#### [Dataset content]
======
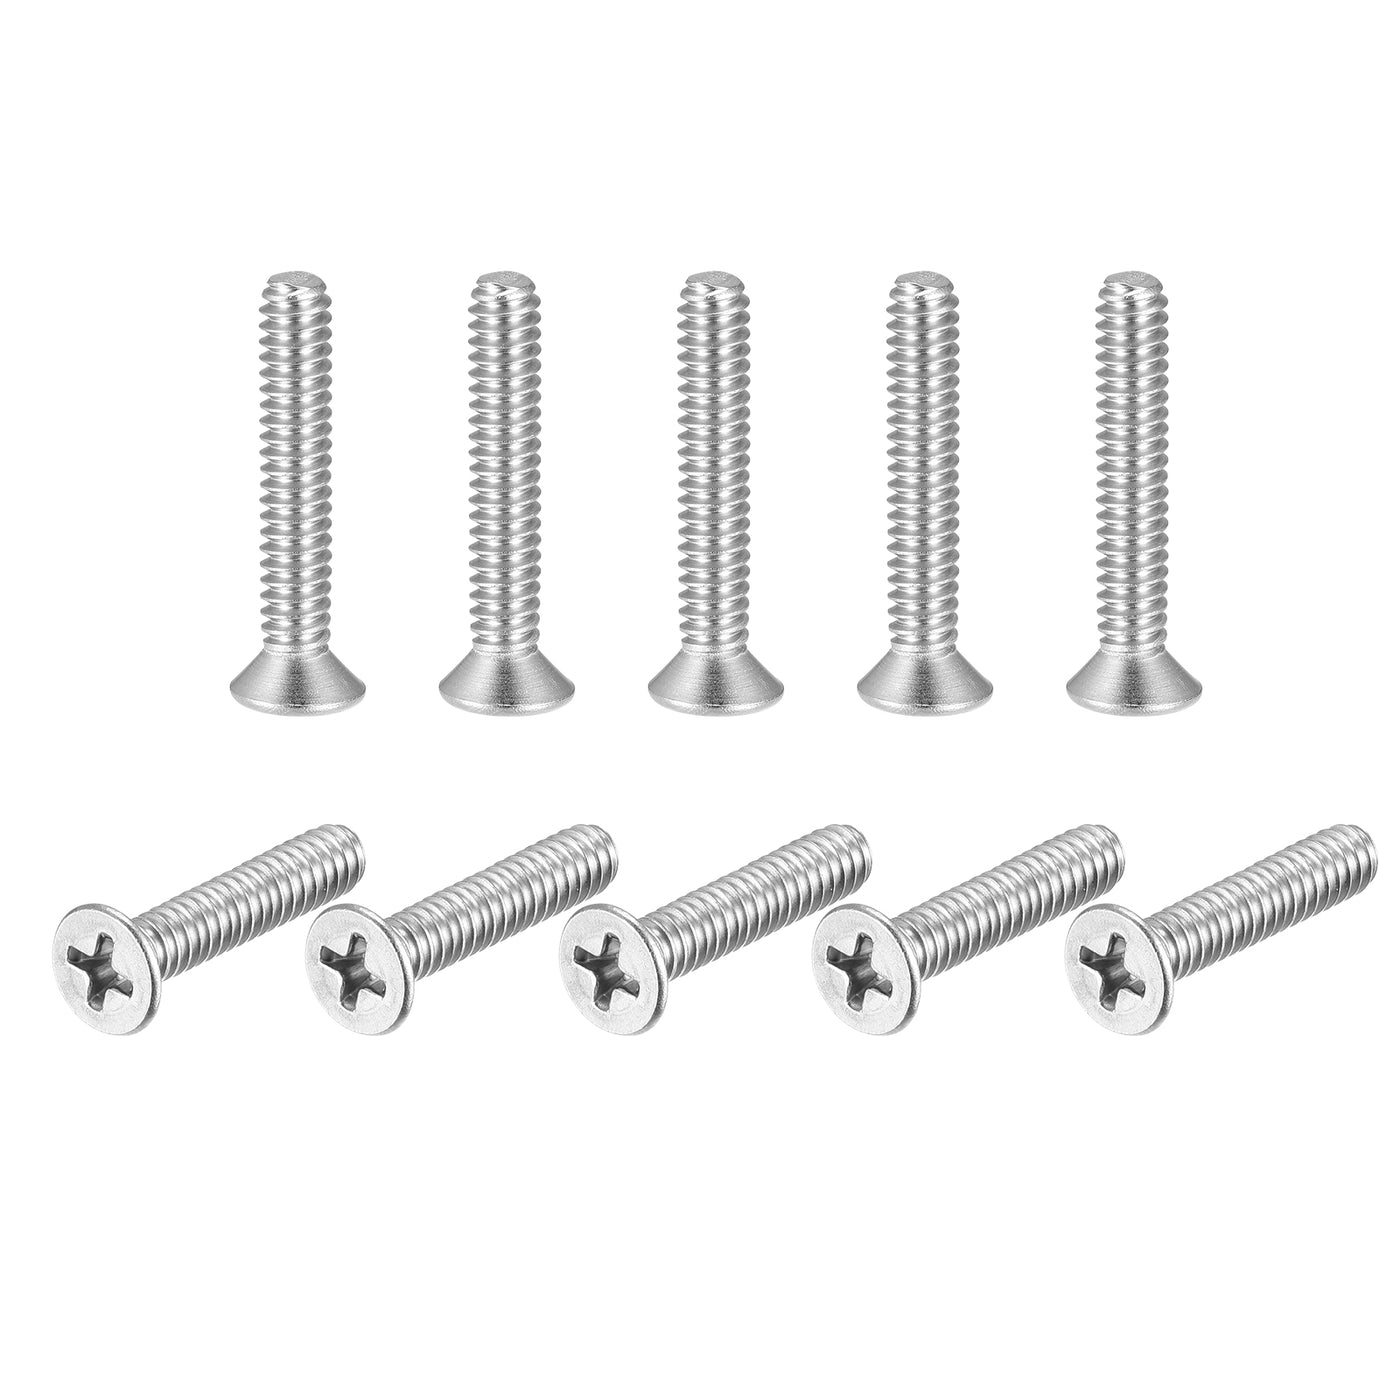 uxcell Uxcell 10#-24x1" Flat Head Machine Screws Phillips 304 Stainless Steel Bolts 60pcs
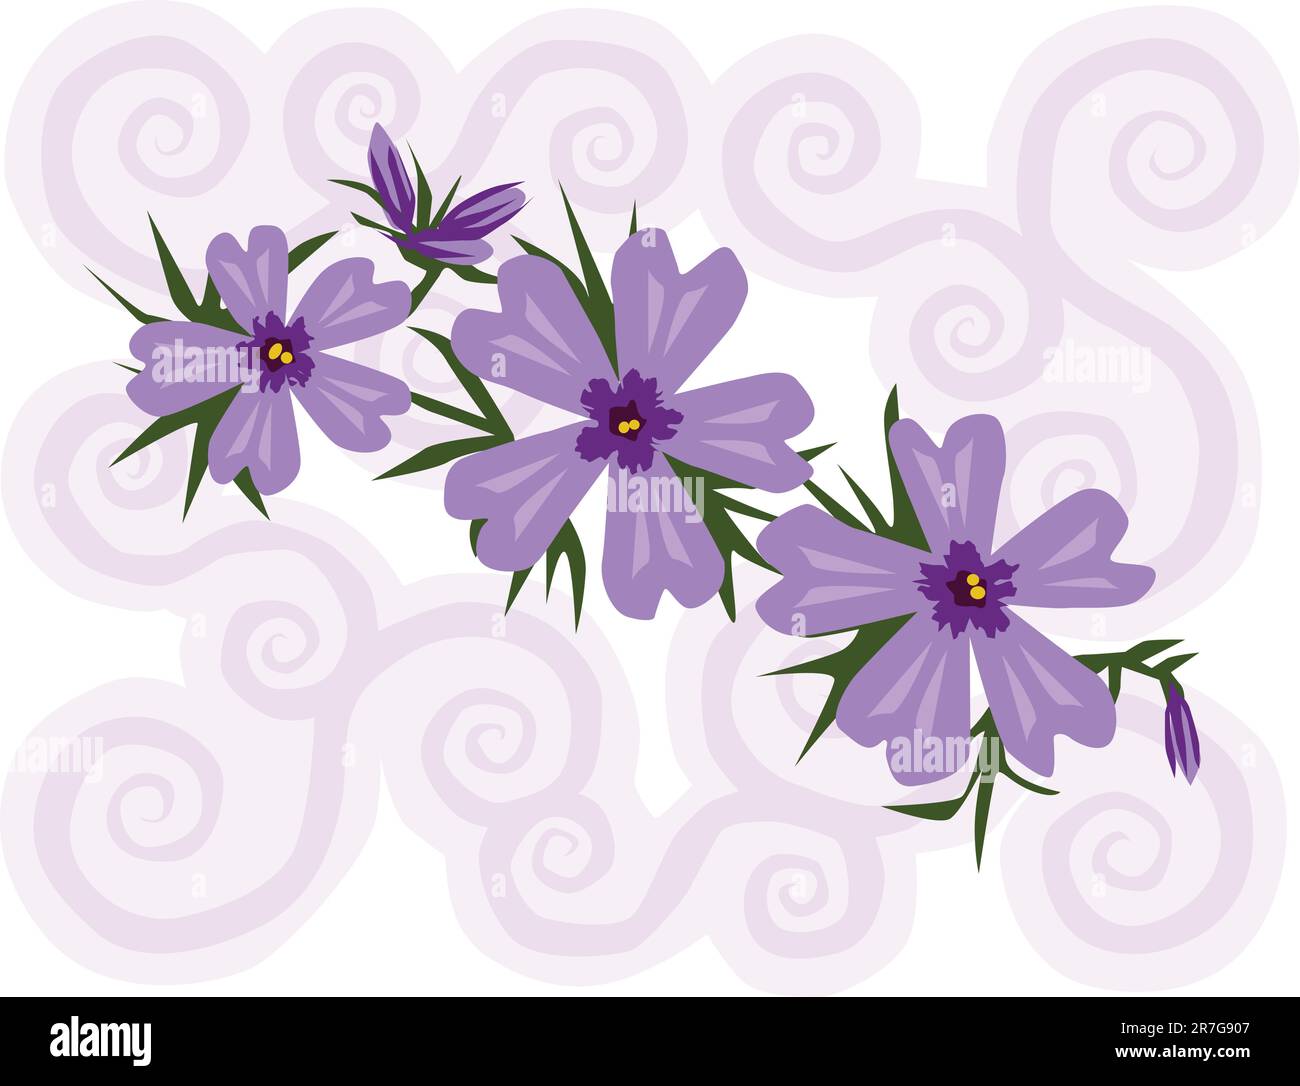 Vector illustration of purple phlox flowers with a swirly background. Stock Vector
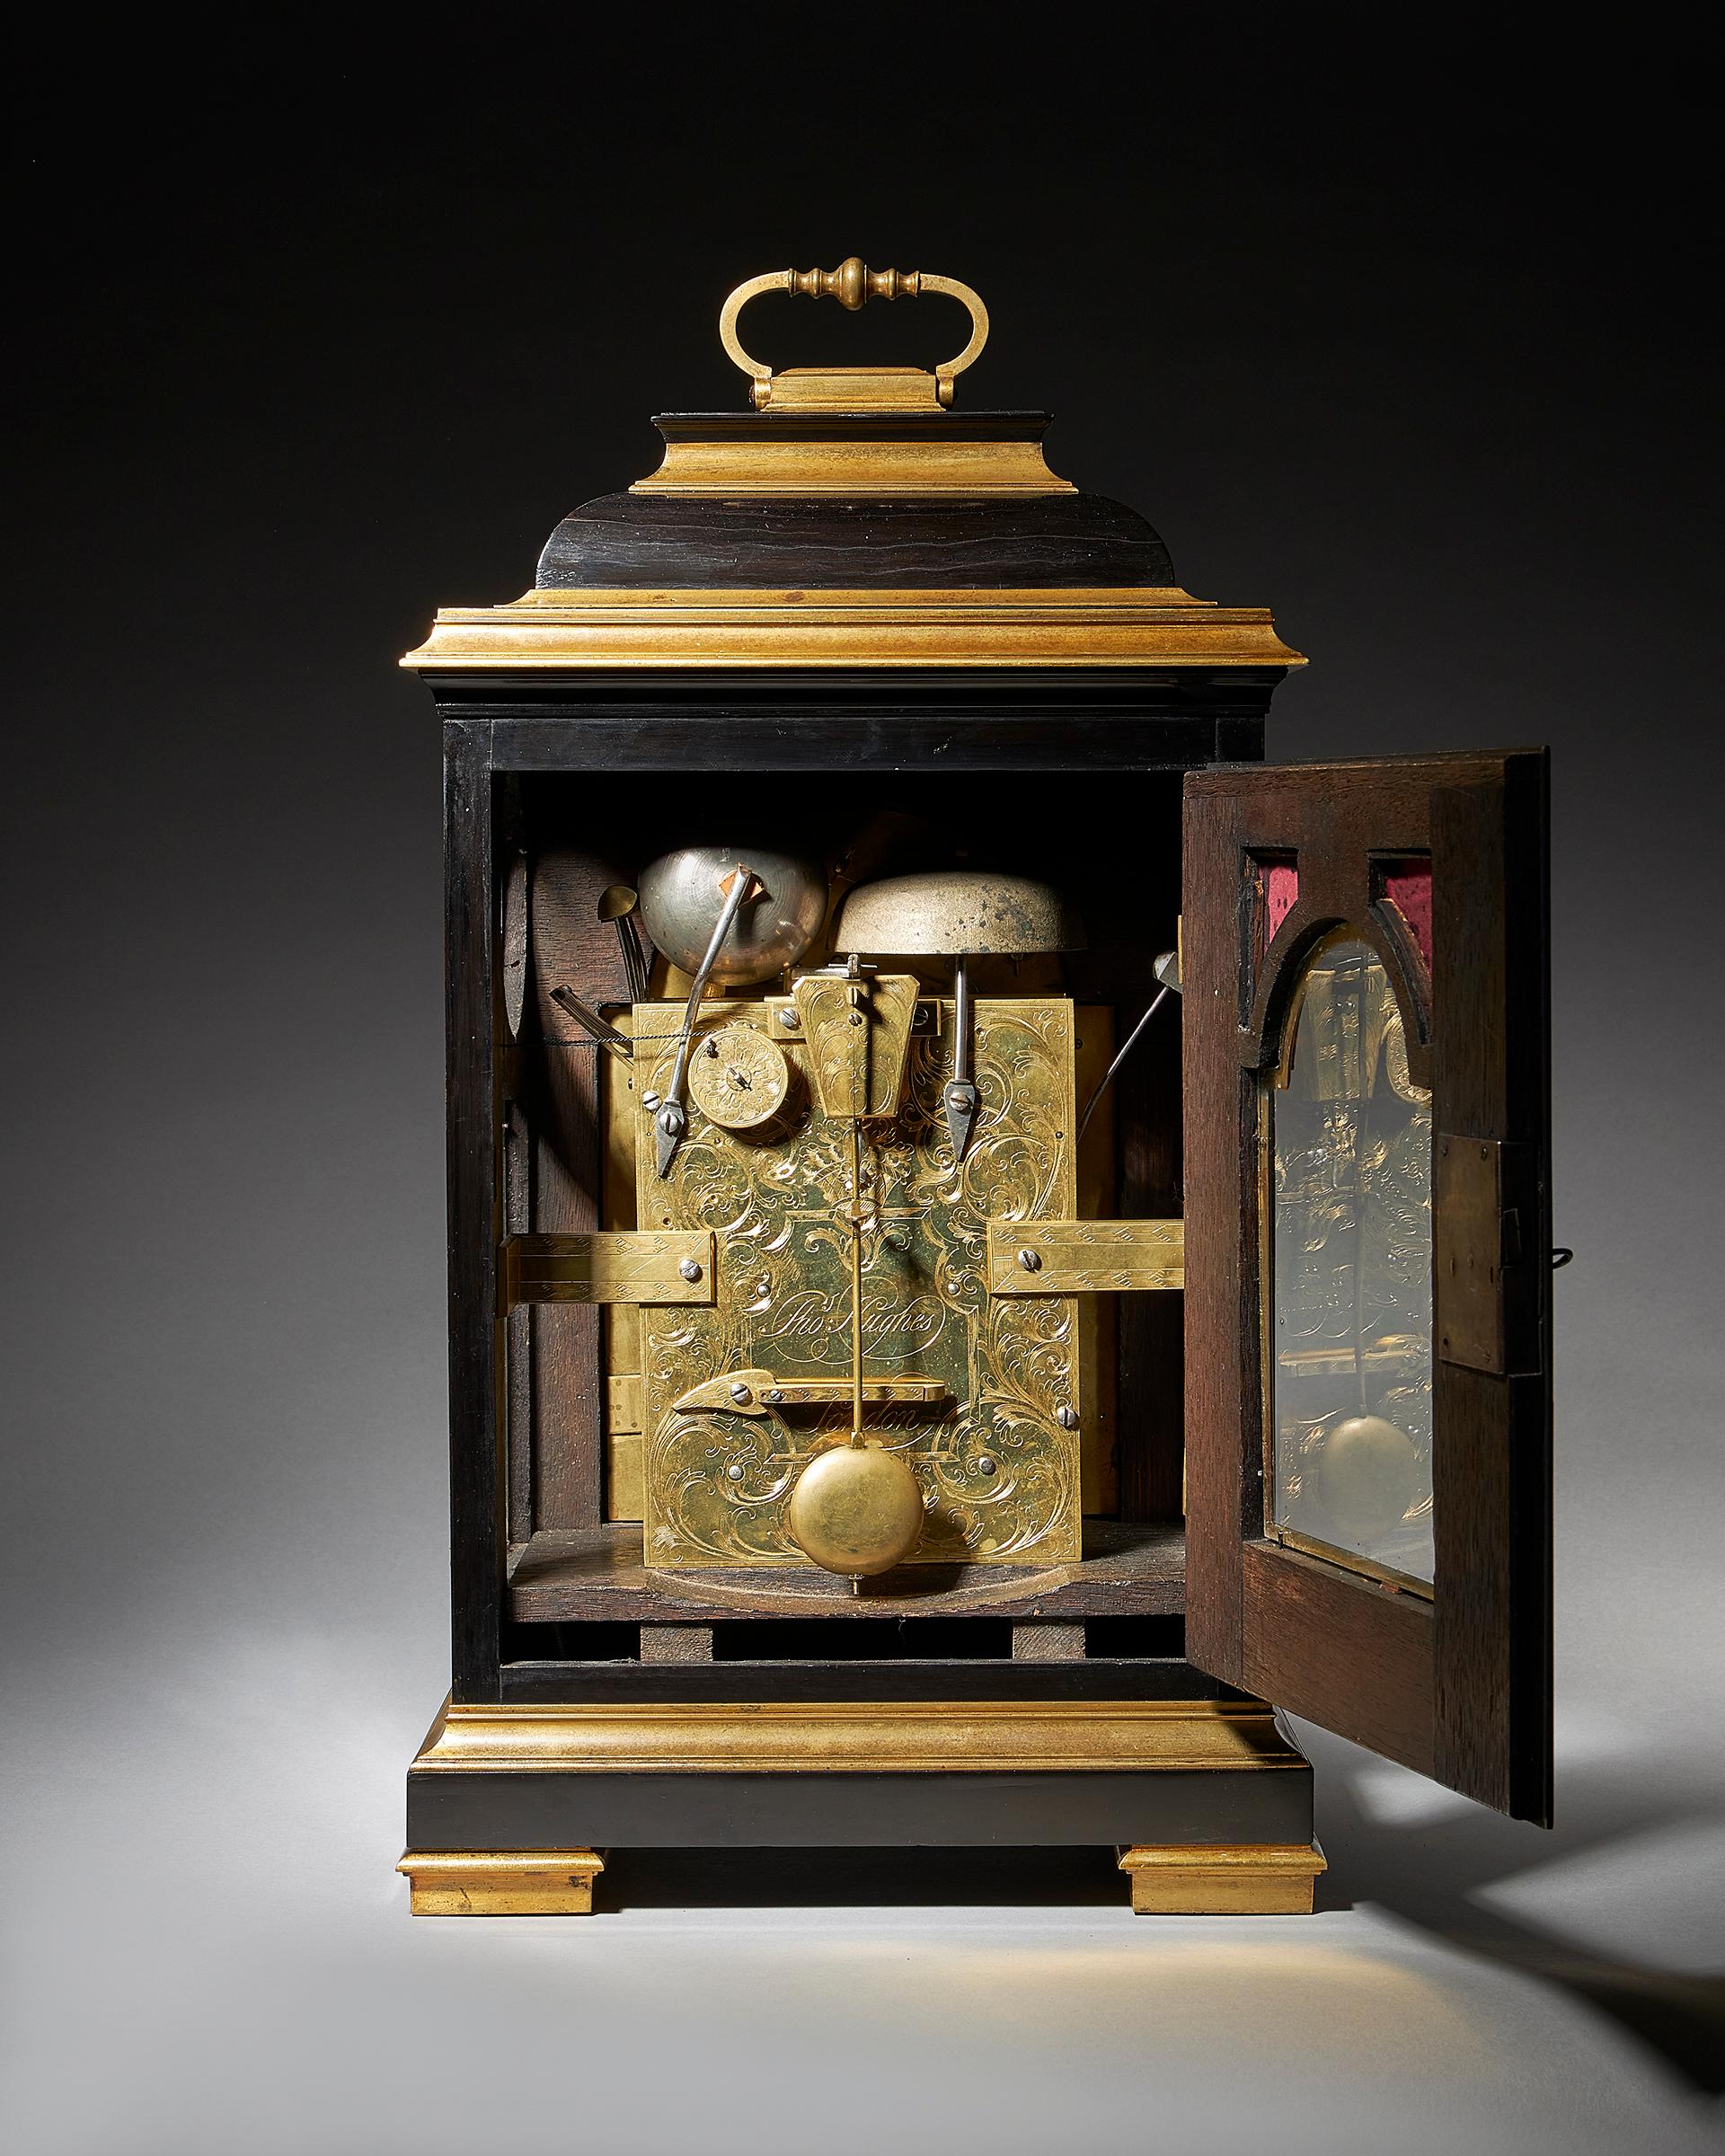 By Thomas Hughes, London

The ebony-veneered case has an inverted bell top, a design which became popular in the early Georgian period (from 1715 onwards). The case is adorned with brass mouldings and rests on shaped brass block feet. It is
======
#### [Aim of the task]
Excluding all images, transcribe the material word for word.

#### [Written solution]
 uxcell Uxcell 10#-24x1" Flat Head Machine Screws Phillips 304 Stainless Steel Bolts 60pcs
 Vector illustration of purple phlox flowers with a swirly background. Stock Vector
 By Thomas Hughes, London

The ebony-veneered case has an inverted bell top, a design which became popular in the early Georgian period (from 1715 onwards). The case is adorned with brass mouldings and rests on shaped brass block feet. It is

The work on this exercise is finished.